WORK ITEM – Give the data again exactly, without its images.

GIVEN DATA –
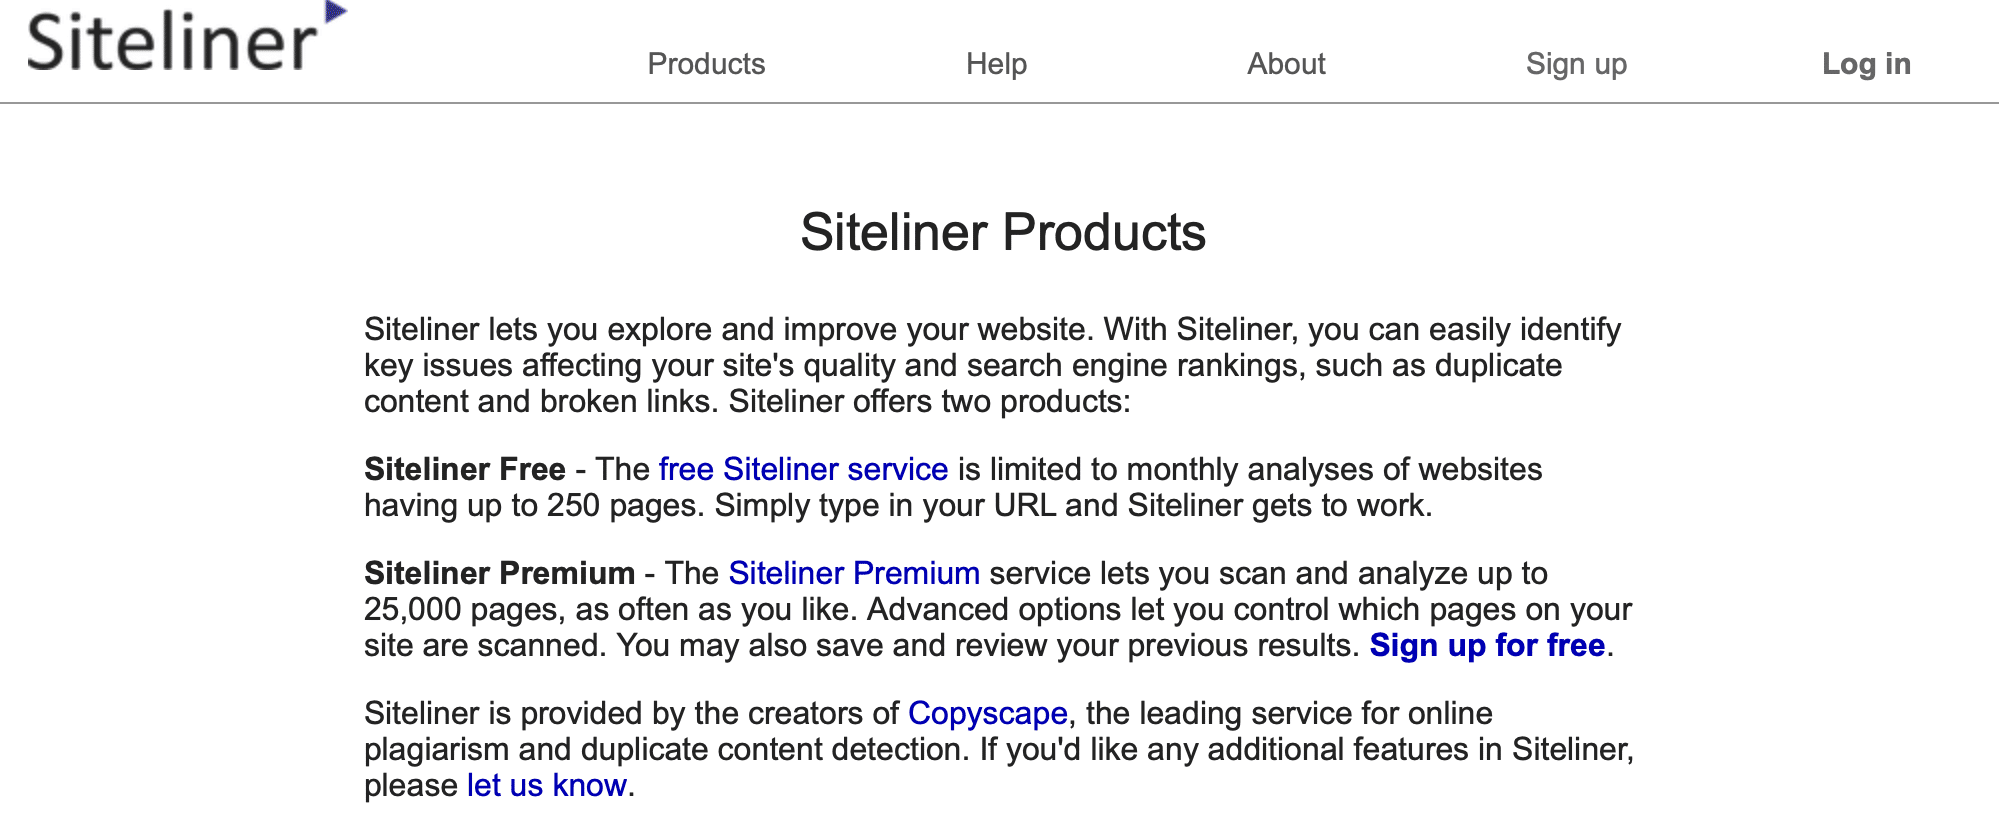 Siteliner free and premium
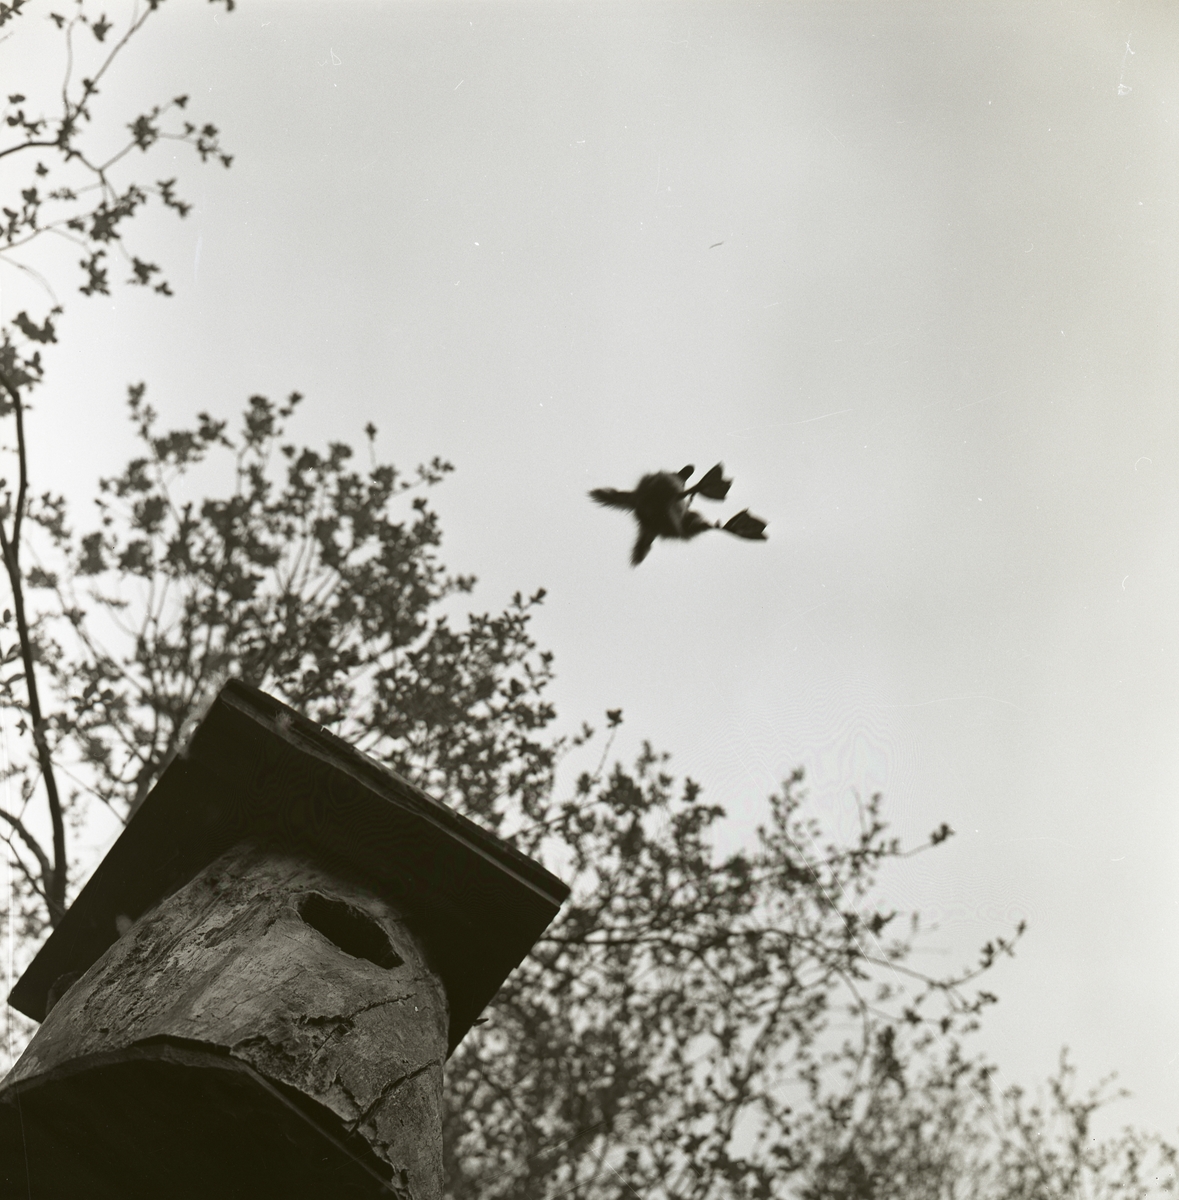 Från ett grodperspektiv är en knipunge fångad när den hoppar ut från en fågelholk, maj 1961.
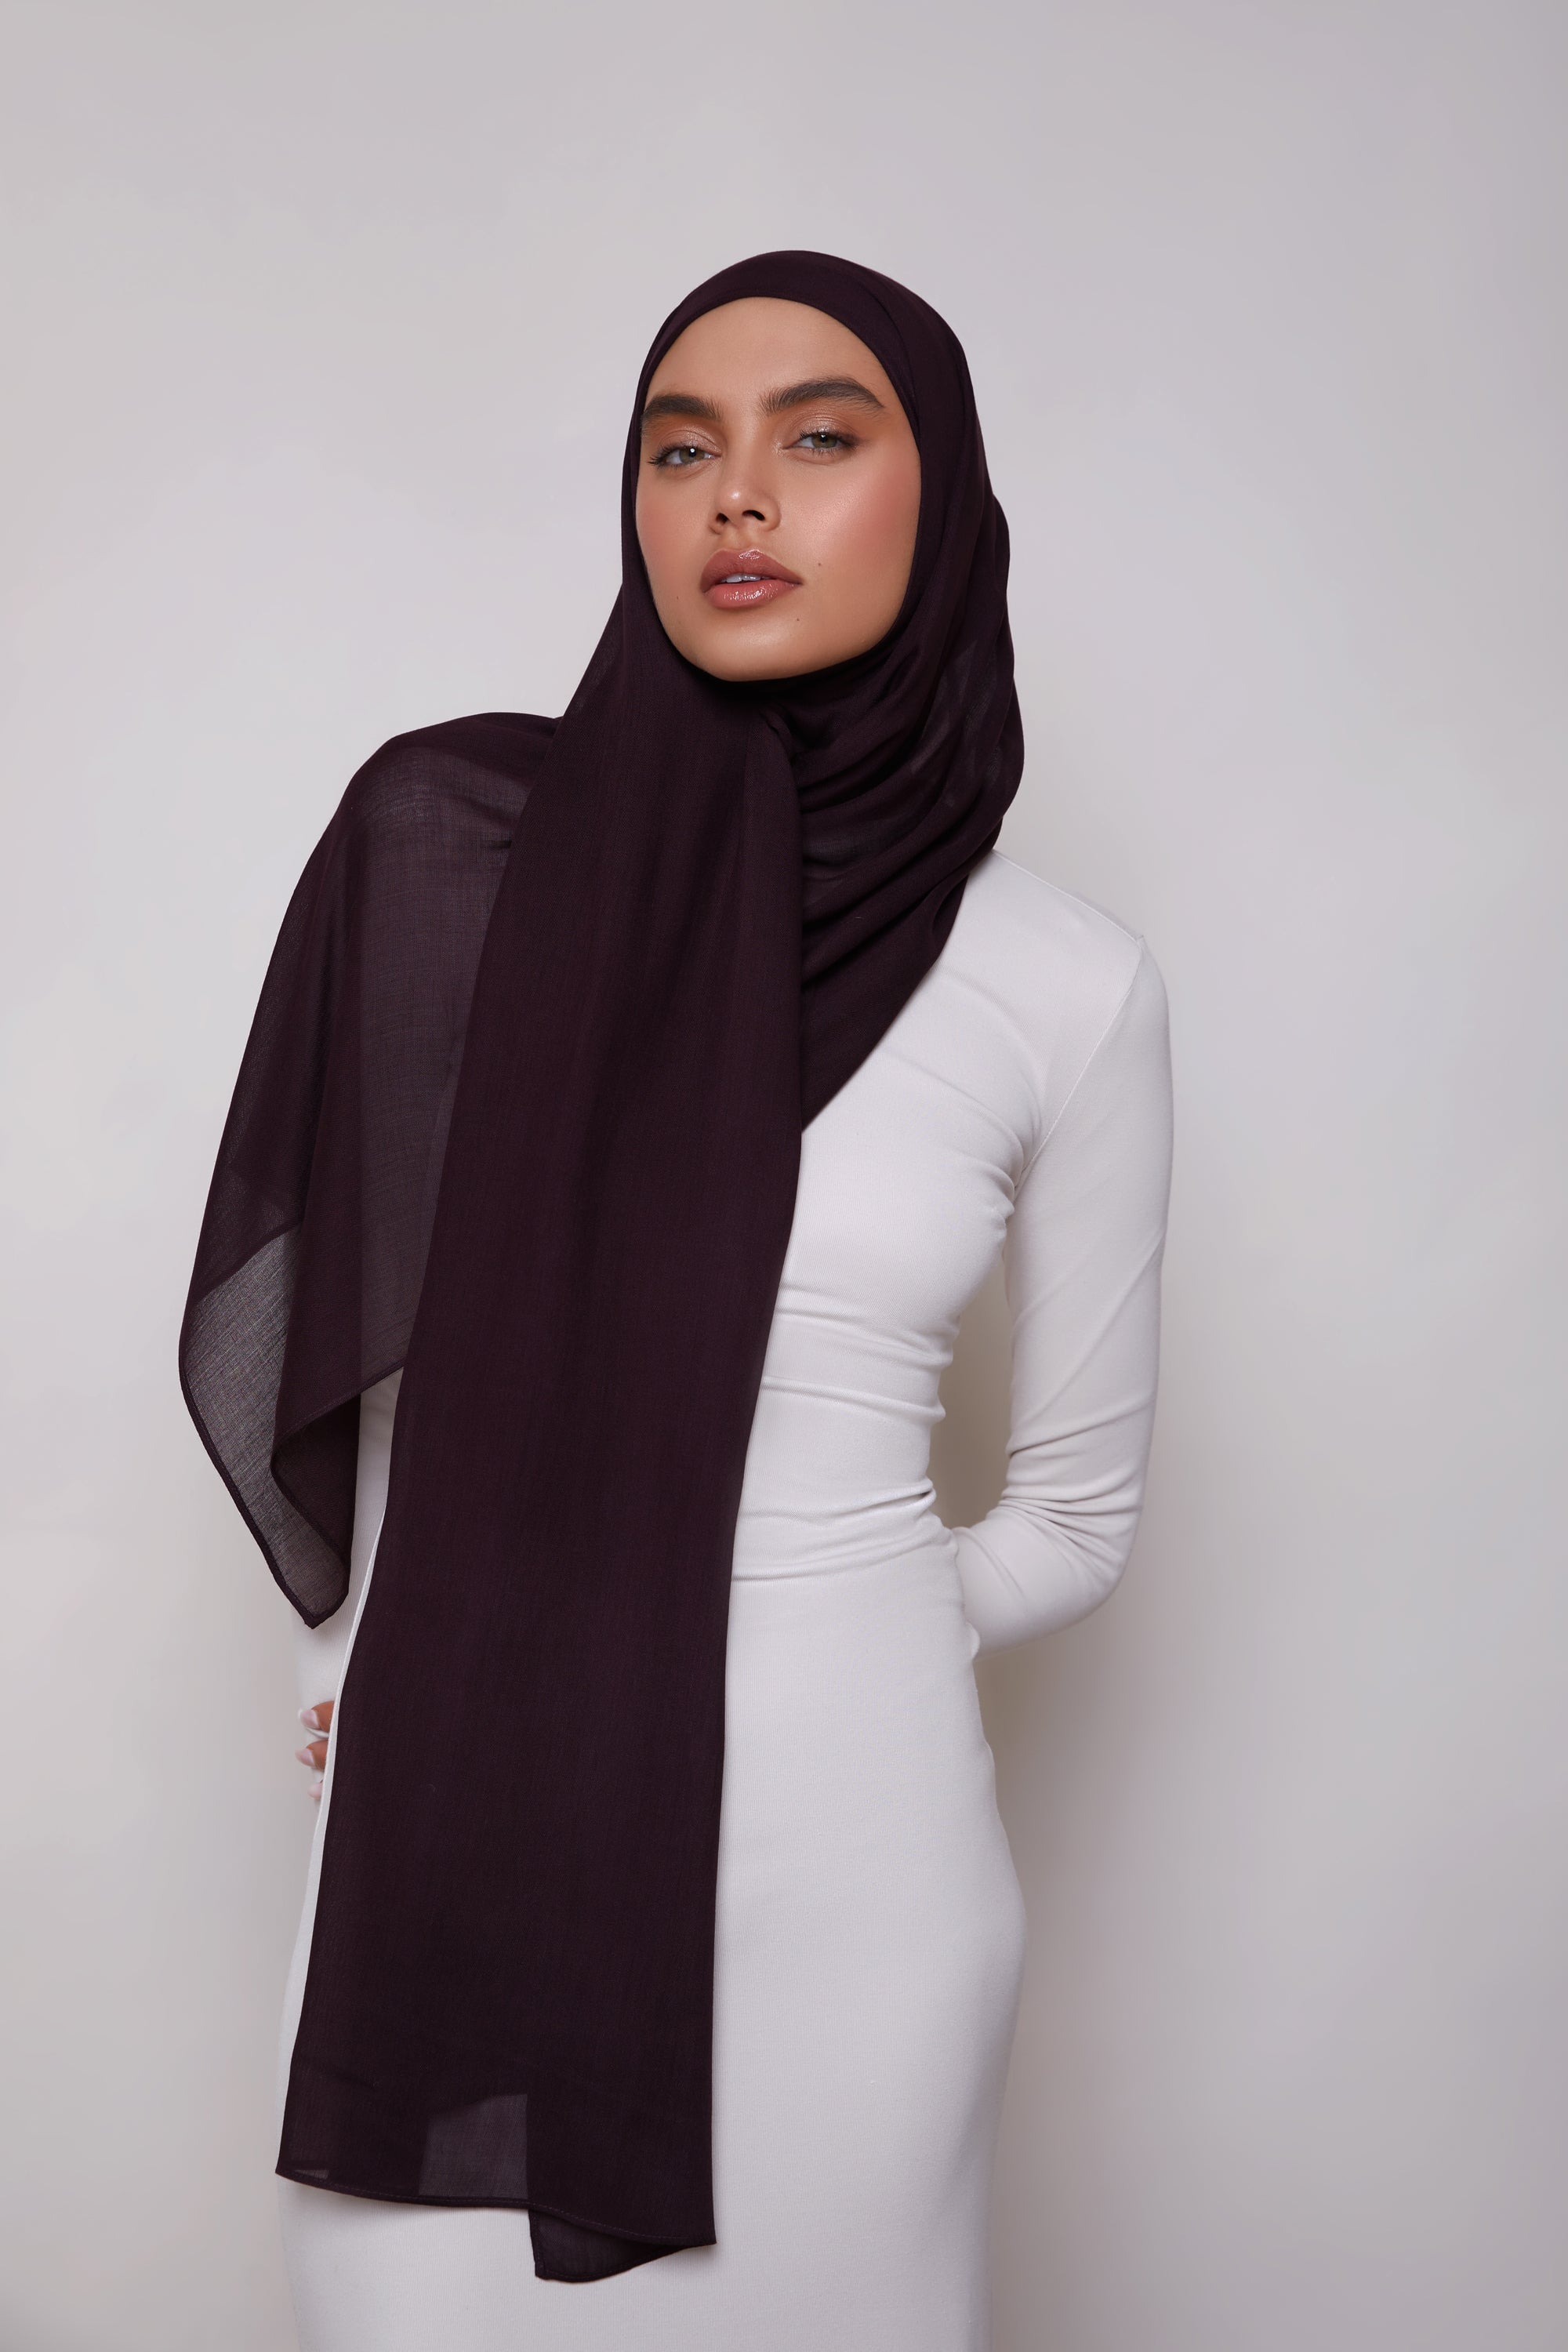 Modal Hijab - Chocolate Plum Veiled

TASK SOLUTION –
 Siteliner free and premium
 Från ett grodperspektiv är en knipunge fångad när den hoppar ut från en fågelholk, maj 1961.
 Modal Hijab - Chocolate Plum Veiled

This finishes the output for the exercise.